WHAT THE EXERCISE ASKS: Transcribe the listing exactly; drop the images.

DATA SHOWN:
______________________________

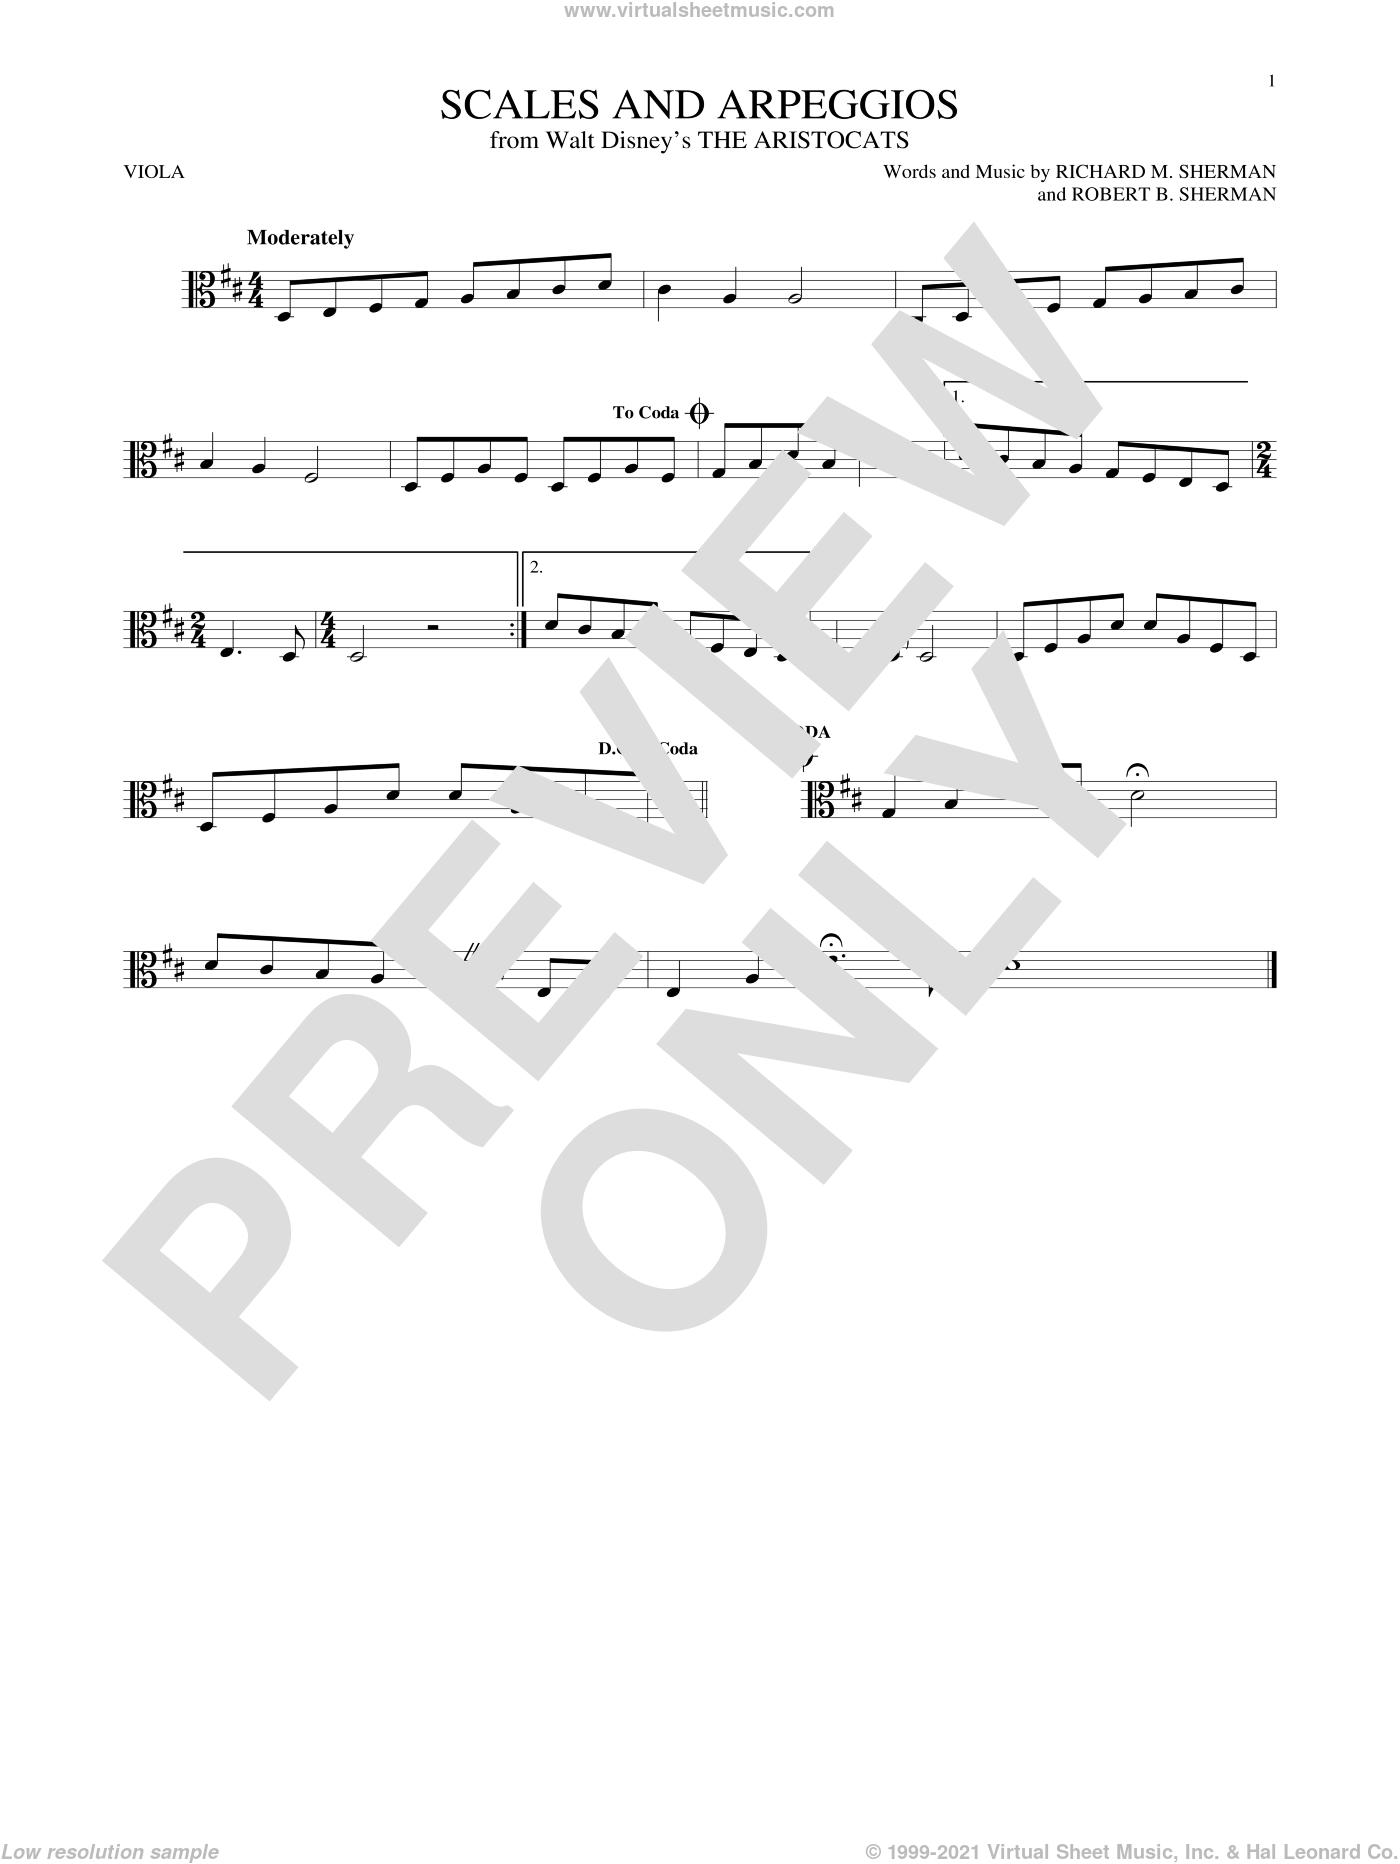 Scales And Arpeggios sheet music for viola solo by Richard M. Sherman, Richard & Robert Sherman and Robert B. Sherman, intermediate skill level
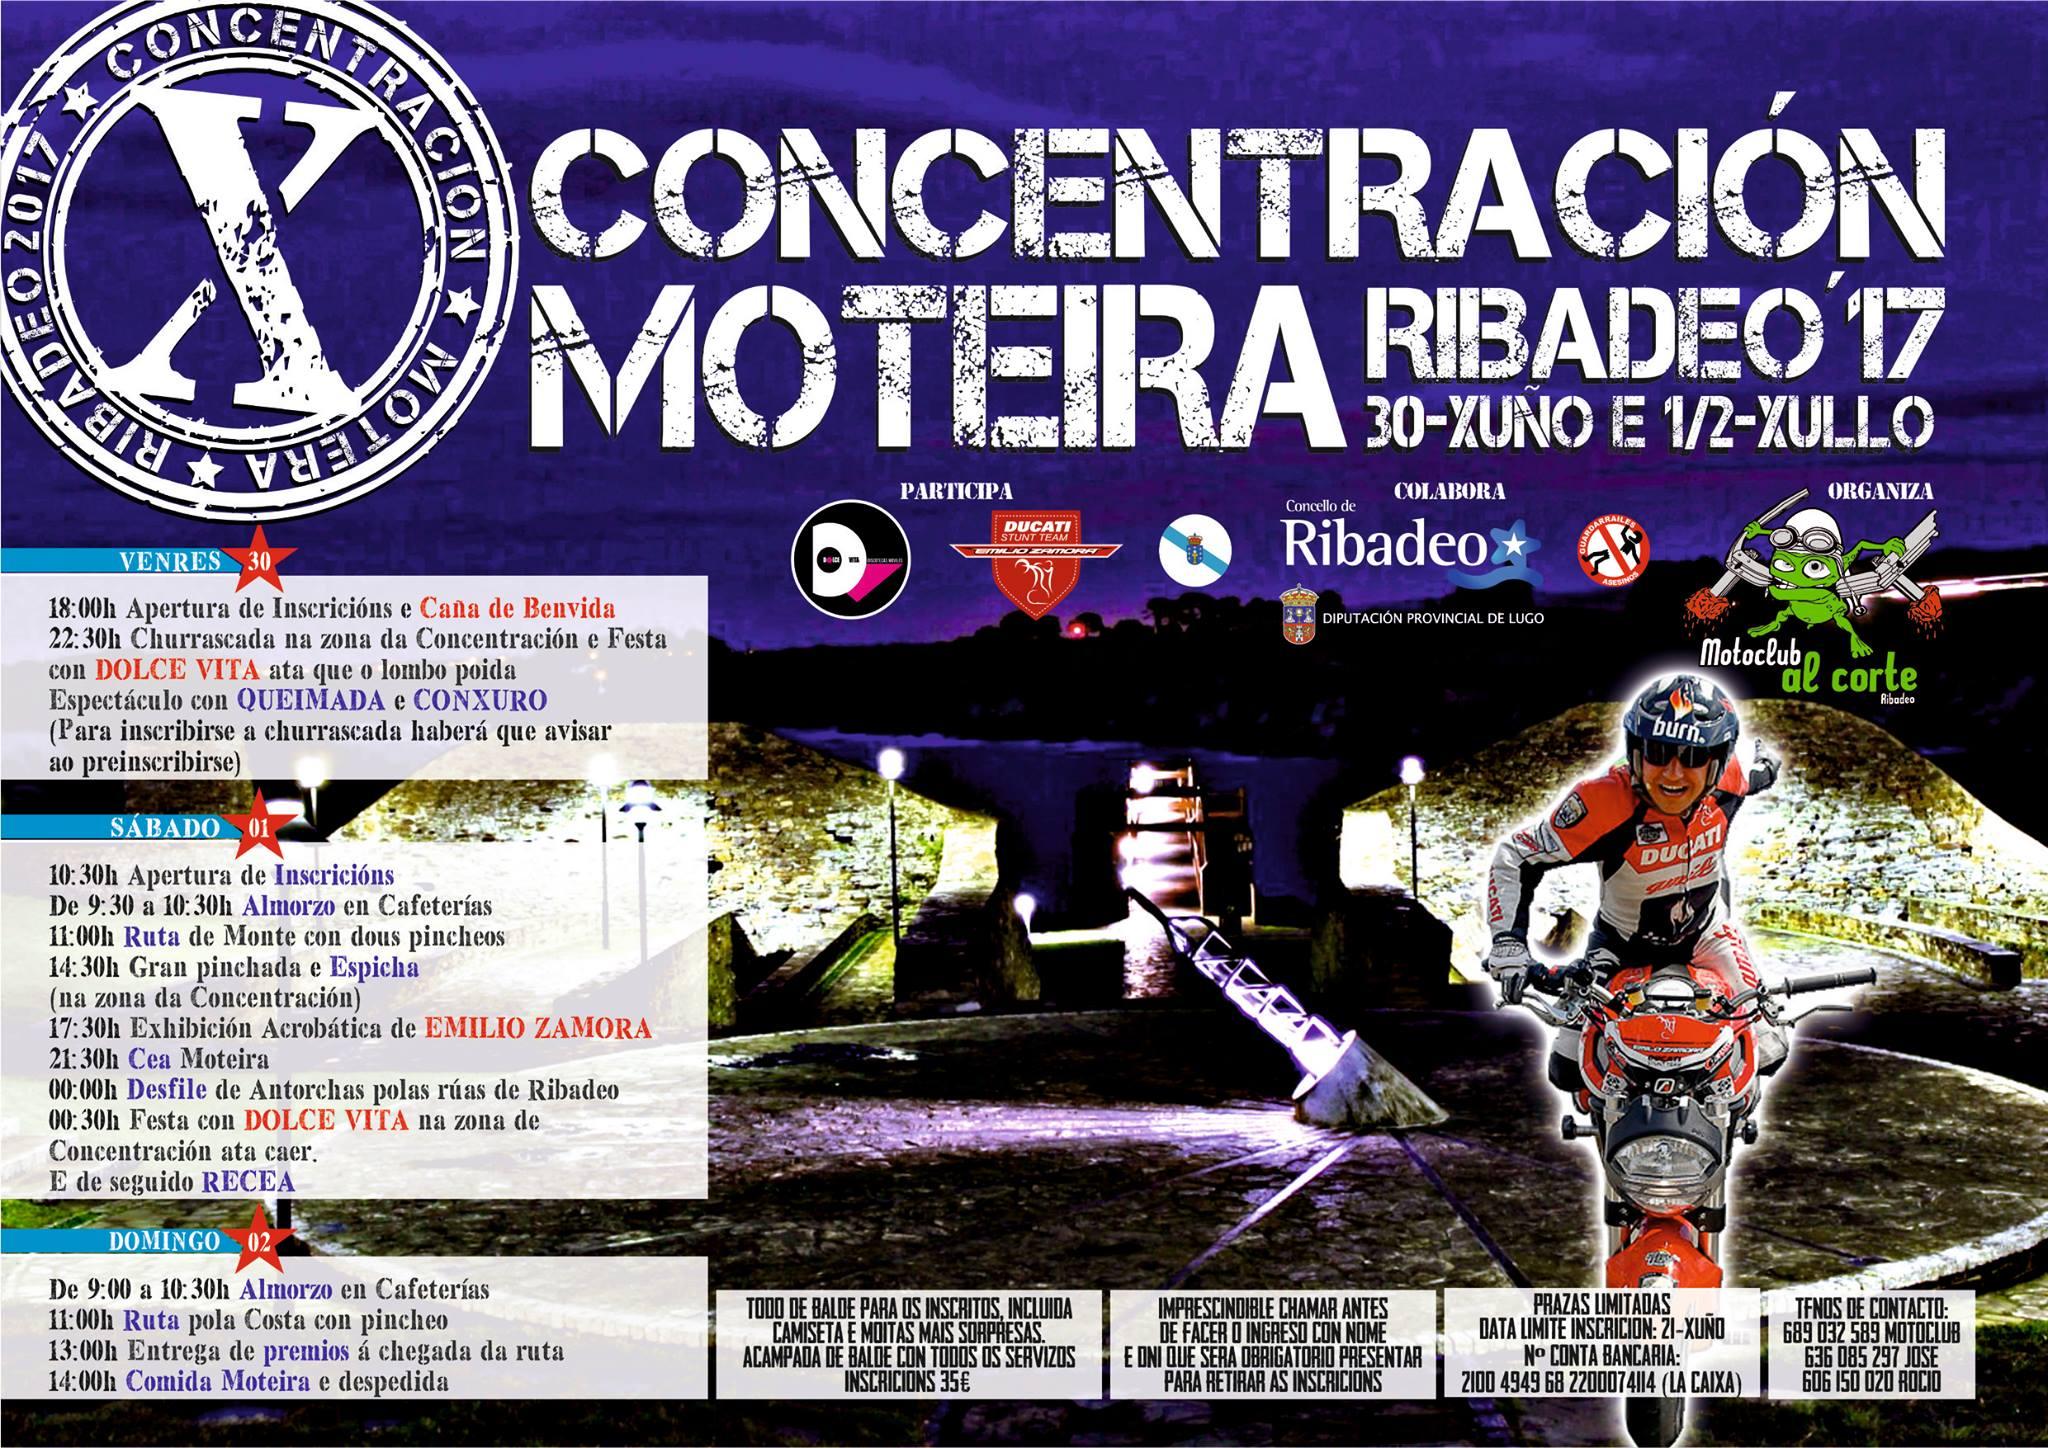 CONCENTRACION_MOTORISTA_RIBADEO_2017_LUGO_FIESTA_MOTERA_EMILIO_ZAMORA_DUCATI_STUNT_TEAM_MOTOR_SHOW_ESPECTACULO_MOTO_QUAD_COCHE_KART_CROSS_CUSTOM_LEGEND_CAR_MINI_BIKE
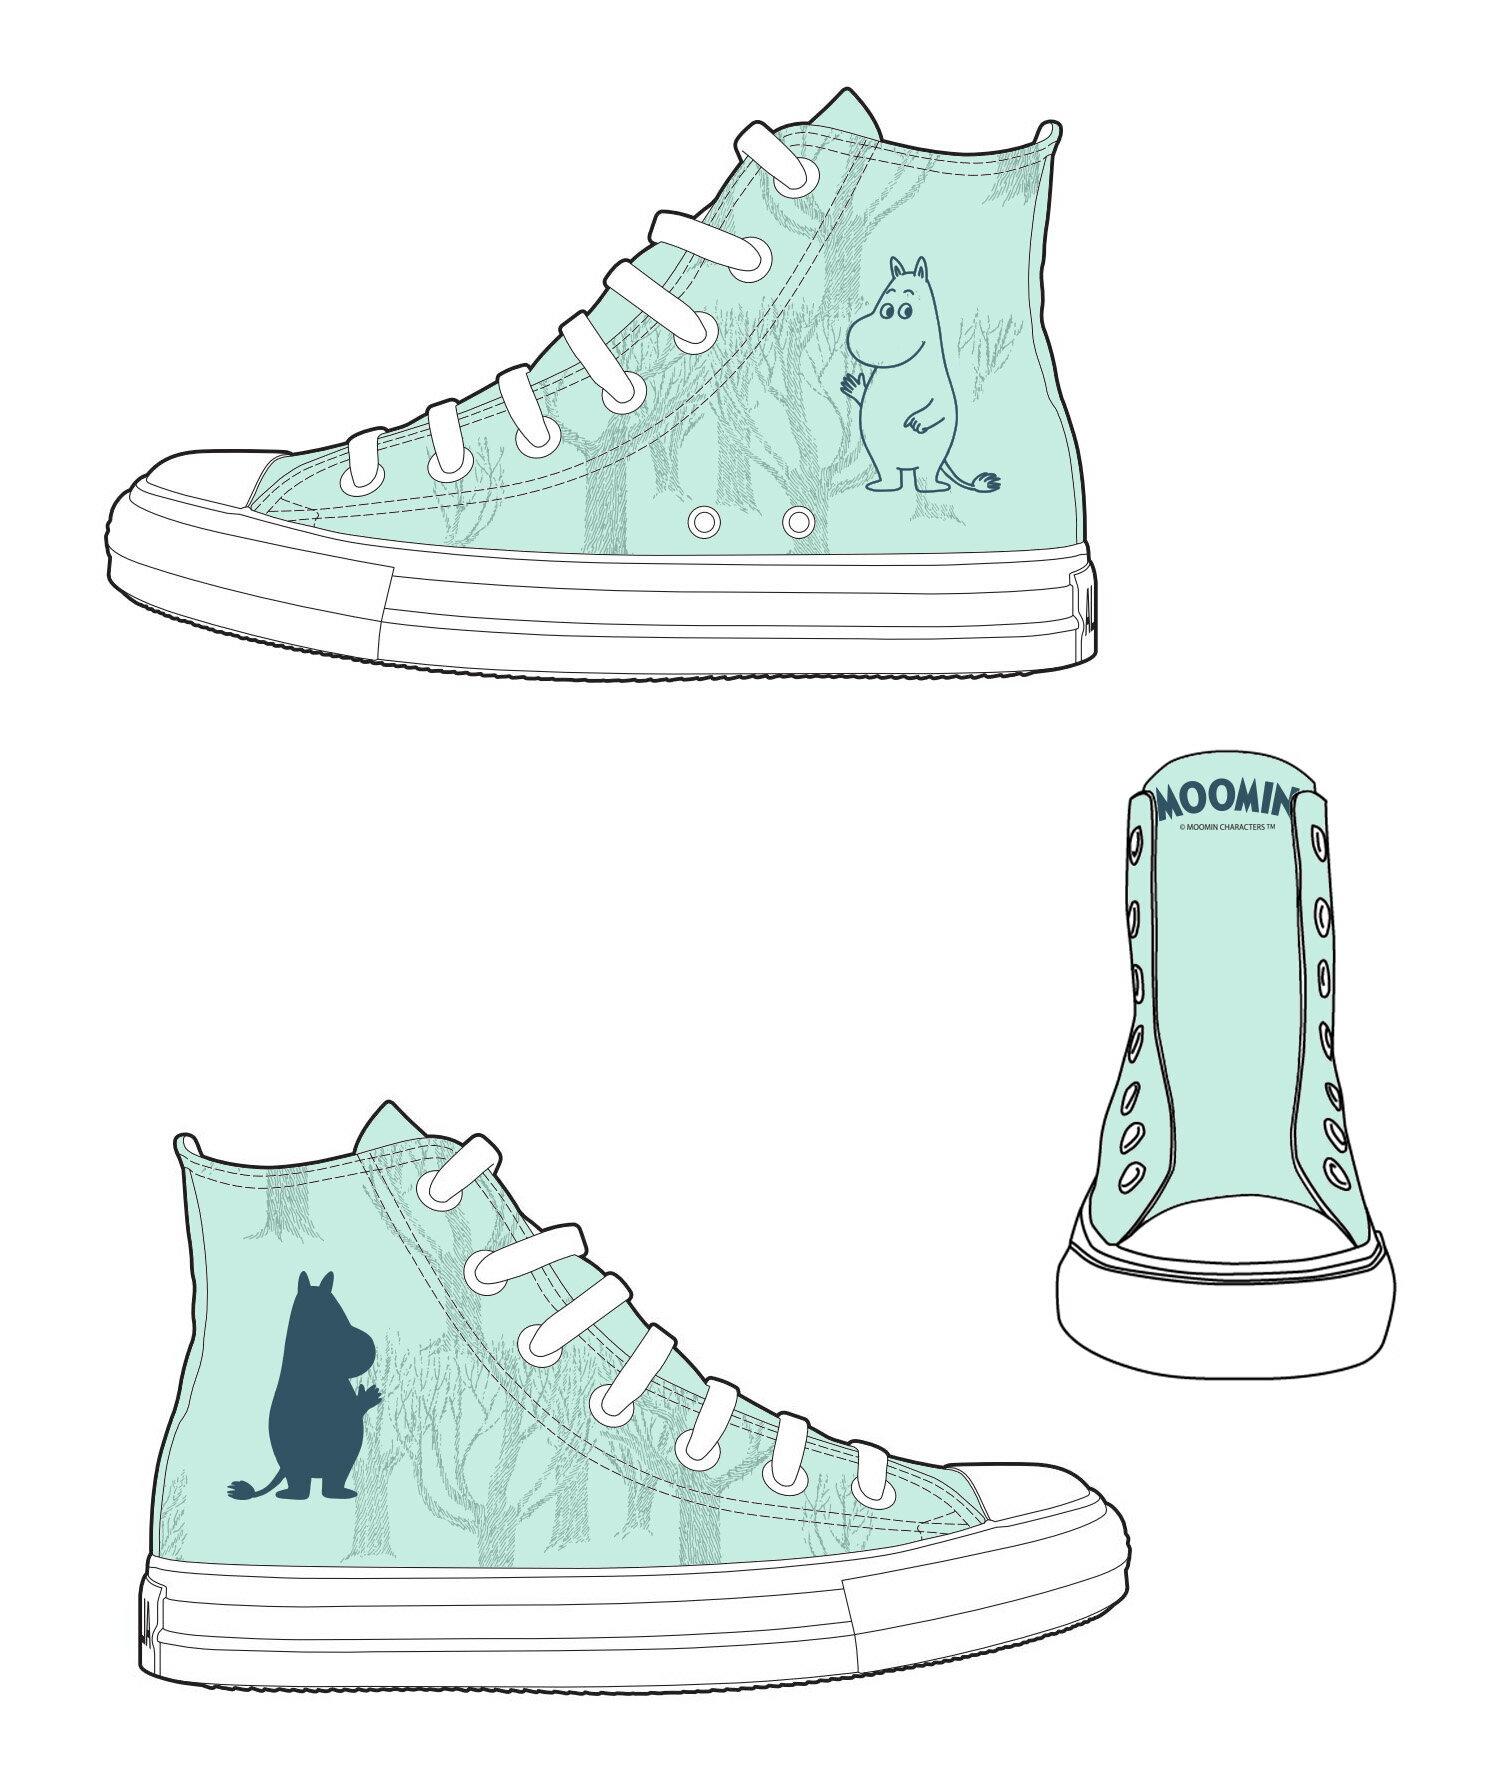 【Moomin】AE23 (綠鞋白帶) - 帆布鞋 (女款限定版)

______________________________

PROBLEM SOLUTION:
 Scales And Arpeggios sheet music for viola solo by Richard M. Sherman, Richard & Robert Sherman and Robert B. Sherman, intermediate skill level
 CONCENTRACION_MOTORISTA_RIBADEO_2017_LUGO_FIESTA_MOTERA_EMILIO_ZAMORA_DUCATI_STUNT_TEAM_MOTOR_SHOW_ESPECTACULO_MOTO_QUAD_COCHE_KART_CROSS_CUSTOM_LEGEND_CAR_MINI_BIKE
 【Moomin】AE23 (綠鞋白帶) - 帆布鞋 (女款限定版)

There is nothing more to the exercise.